The Voyager-1 spacecraft has become the first manmade object to leave the Solar System.
Launched in 1977, Voyager was sent initially to study the outer planets, but then just kept on going.
Today, the veteran Nasa mission is almost 19 billion km (12 billion miles) from home.
This distance is so vast that it takes 17 hours now for a radio signal sent from Voyager to reach receivers here on Earth.
"This is big; it's really impressive - the first human-made object to make it out into interstellar space," said Prof Don Gurnett from the University of Iowa and the principal investigator on the PWS.
On 25 August, 2012, Voyager-1 was some 121 Astronomical Units away. That is, 121 times the separation between the Earth and the Sun.

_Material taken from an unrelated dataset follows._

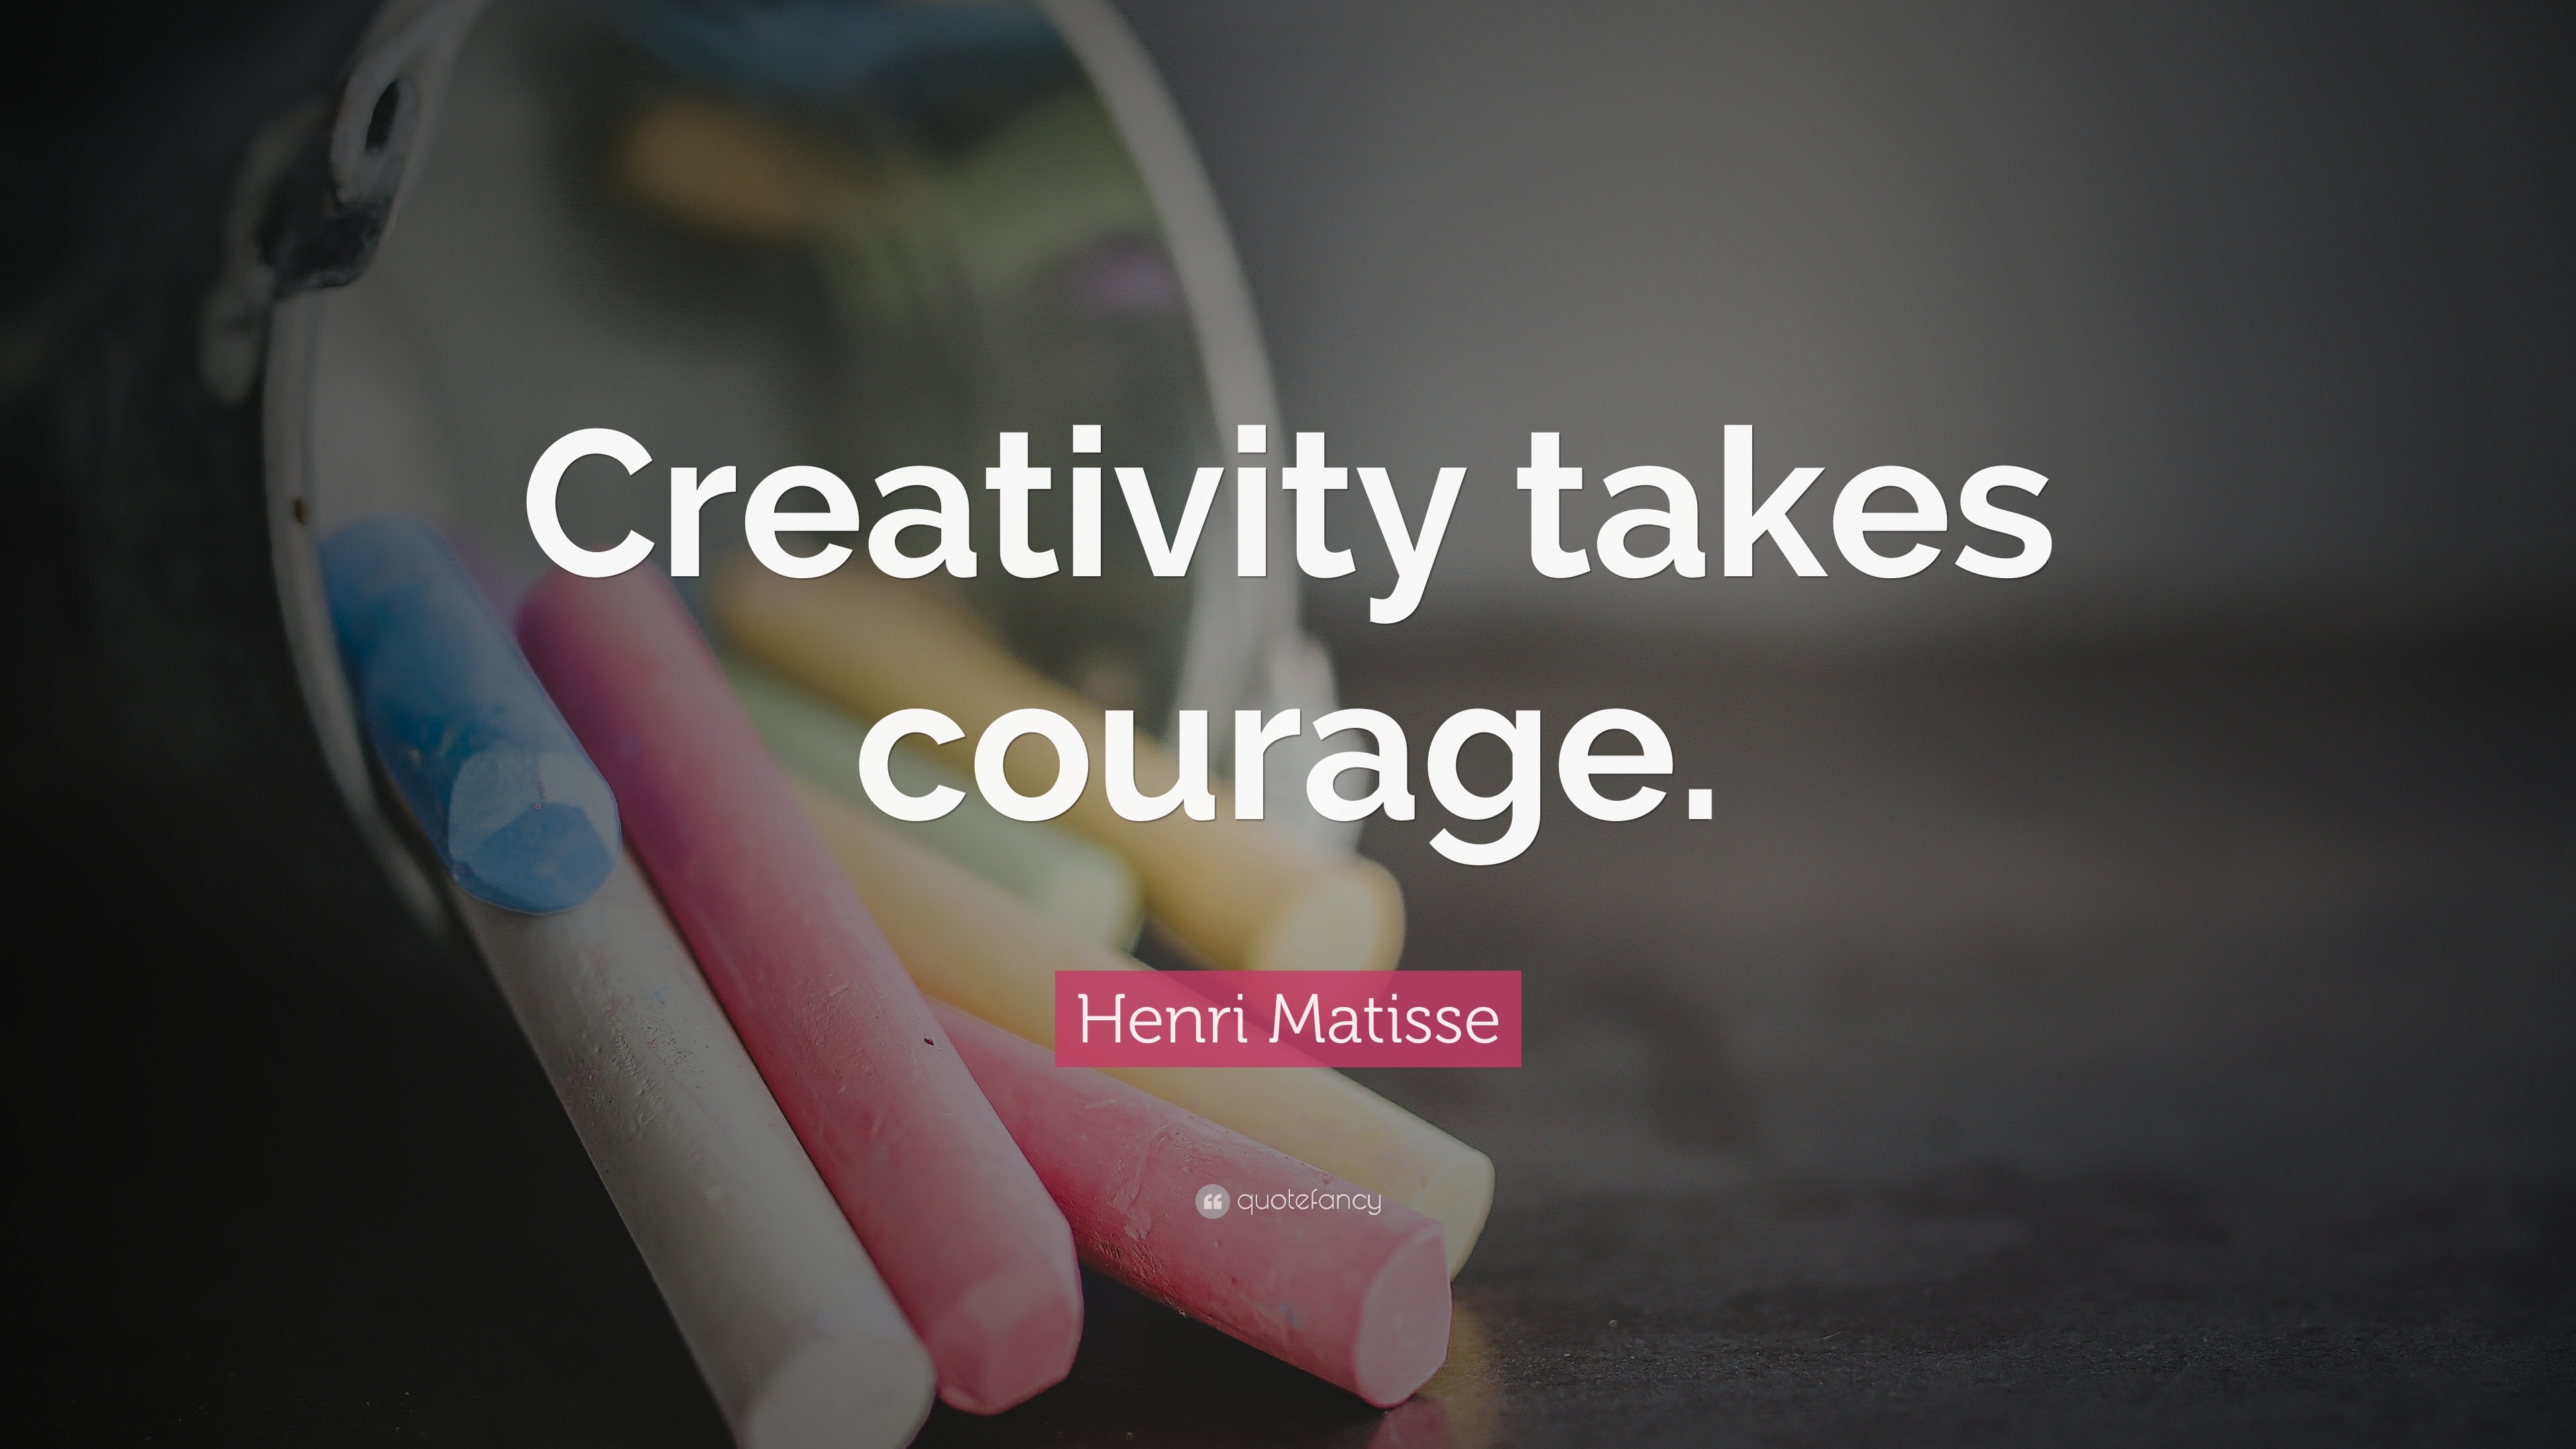 Henri Matisse Quote “creativity Takes Courage

Although now embedded in the gas, dust and magnetic fields from other stars, Voyager still feels a gravitational tug from the Sun, just as some comets do that lie even further out in space. But to all intents and purposes, it has left what most people would define as the Solar System. It is now in a completely new domain.
Voyager-1 left Earth on 5 September 1977, a few days after its sister spacecraft, Voyager-2.
The pair's primary objective was to survey the planets Jupiter, Saturn, Uranus and Neptune - a task they completed in 1989.
They were then steered towards deep space. It is expected that their plutonium power sources will stop supplying electricity in about 10 years, at which point their instruments and their 20W transmitters will die.
Voyager-1 will not get near another star for another 40,000 years, even though it is moving at 45km/s (100,000mph).
The probe's work is not quite done, however. For as long as they have working instruments, scientists will want to sample the new environment.
The new region through which Voyager is now flying was generated and sculpted by big stars that exploded millions of years ago.
There is indirect evidence and models to describe the conditions in this medium, but Voyager can now measure them for real and report back.
The renowned British planetary scientist Prof Fred Taylor commented: "As a young post-doc, I went to [Nasa's Jet Propulsion Laboratory] and worked for a while with the team that was doing the science definition study for the Outer Planets Grand Tour, which later became Voyager.
"The idea that the spacecraft would then exit the Solar System altogether was so way out, figuratively as well as literally, that we didn't even discuss it then, although I suppose we knew it would happen someday. Forty-three years later, that day has arrived, and Voyager is still finding new frontiers."